:: What to do ::
The required output is the exact run of lines below that opens at the line with "Fotografía de Stock" and closes at the line with "Doraemon et sa petite amie, Mimi de Doraemon".

:: Material for this task ::
##########

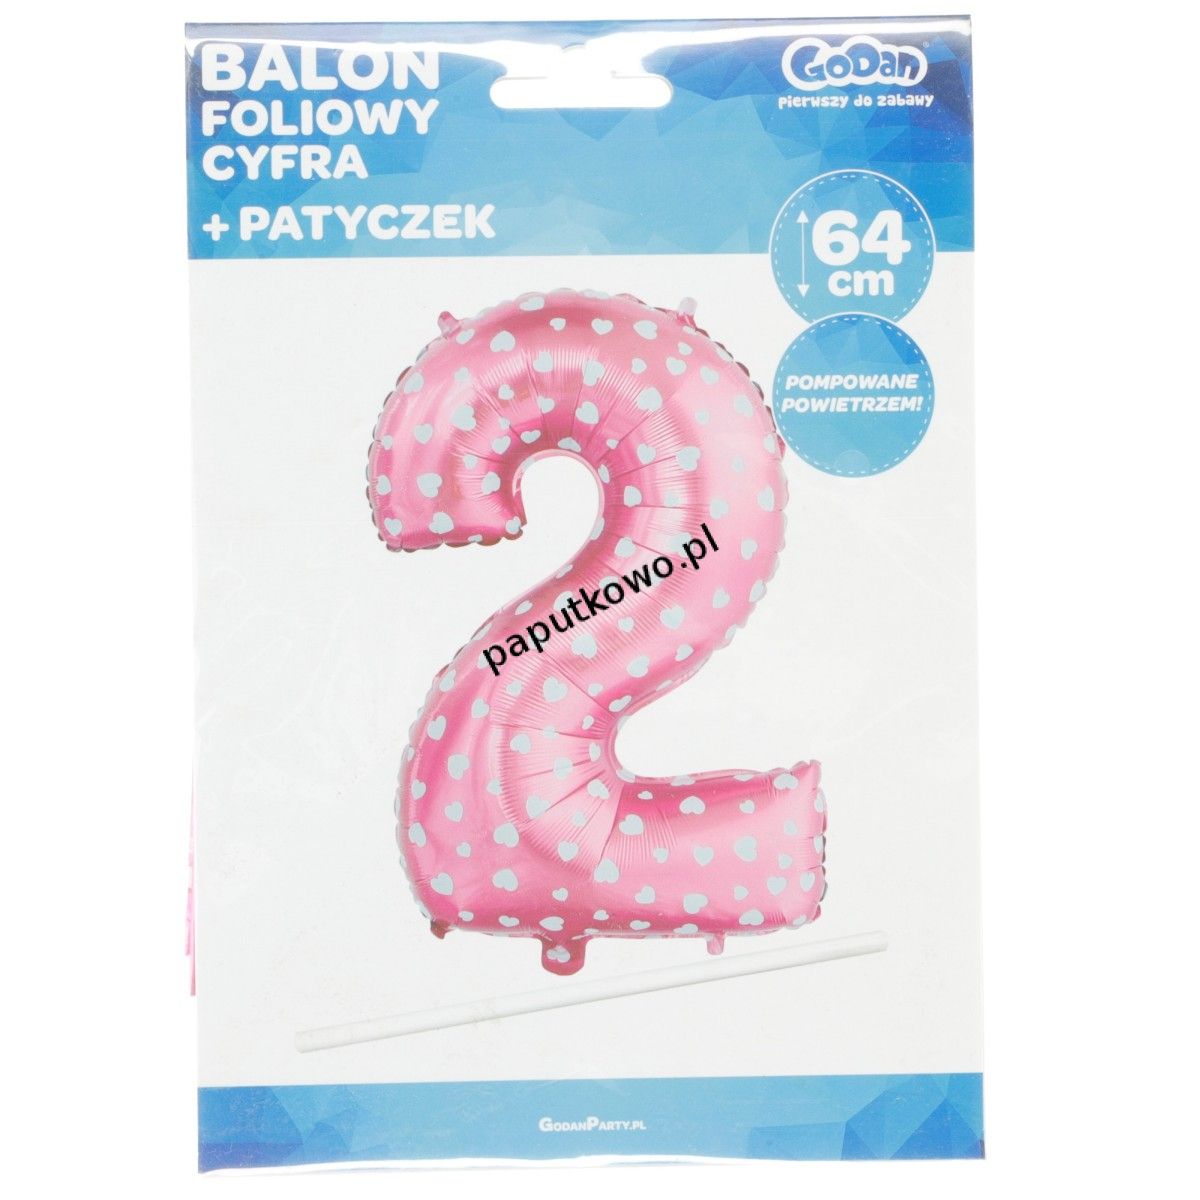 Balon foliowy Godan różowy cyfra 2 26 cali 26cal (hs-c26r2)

##########

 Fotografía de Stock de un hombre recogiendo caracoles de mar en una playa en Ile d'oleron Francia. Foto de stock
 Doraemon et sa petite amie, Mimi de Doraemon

##########

:: Output of the task ::
 Fotografía de Stock de un hombre recogiendo caracoles de mar en una playa en Ile d'oleron Francia. Foto de stock
 Doraemon et sa petite amie, Mimi de Doraemon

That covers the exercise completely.